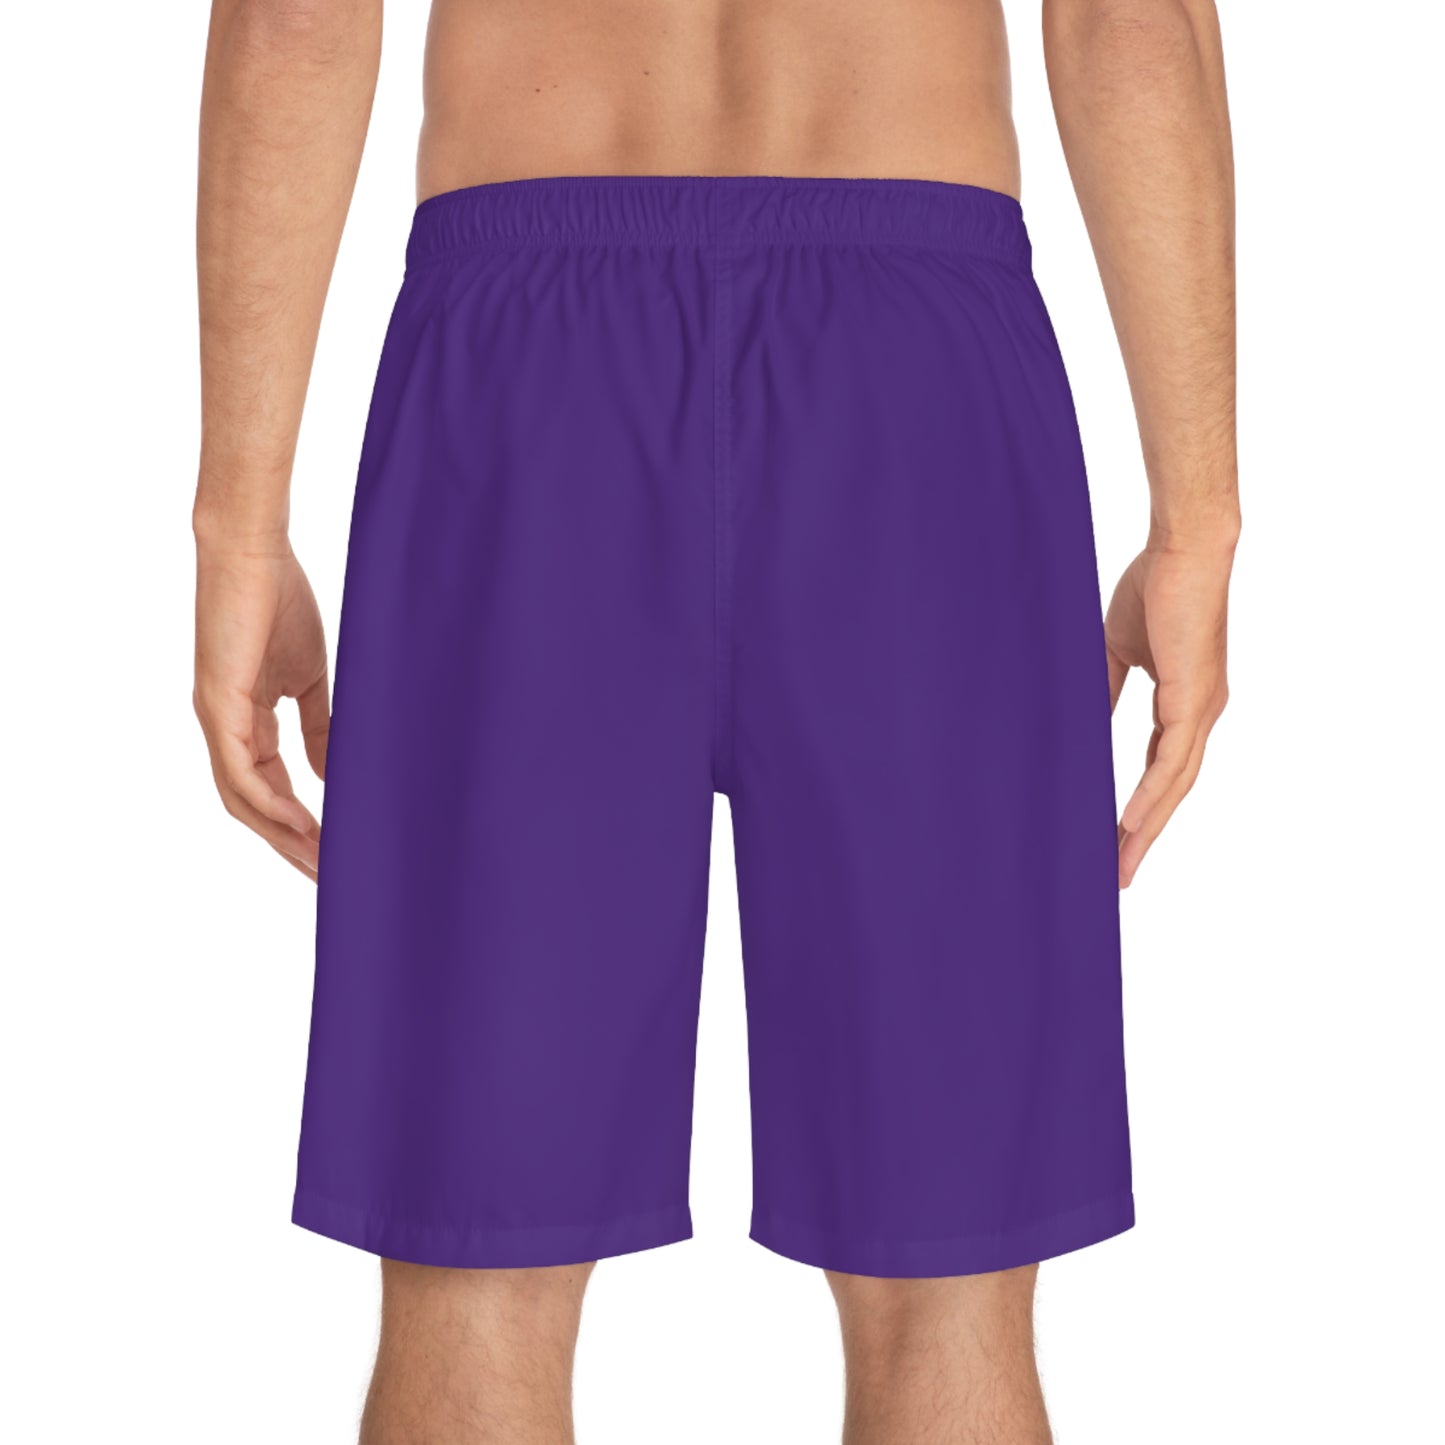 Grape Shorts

...

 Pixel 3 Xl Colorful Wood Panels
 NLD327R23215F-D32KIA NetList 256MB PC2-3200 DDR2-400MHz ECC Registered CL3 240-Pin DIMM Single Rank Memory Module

▸ About this task: Taking the entries above, print exactly the lines starting at the line with "Pixel 3 Xl Colorful Wood Panels" and ending at the line with "NLD327R23215F-D32KIA NetList 256MB", both included.

▸ Reply to the exercise:
 Pixel 3 Xl Colorful Wood Panels
 NLD327R23215F-D32KIA NetList 256MB PC2-3200 DDR2-400MHz ECC Registered CL3 240-Pin DIMM Single Rank Memory Module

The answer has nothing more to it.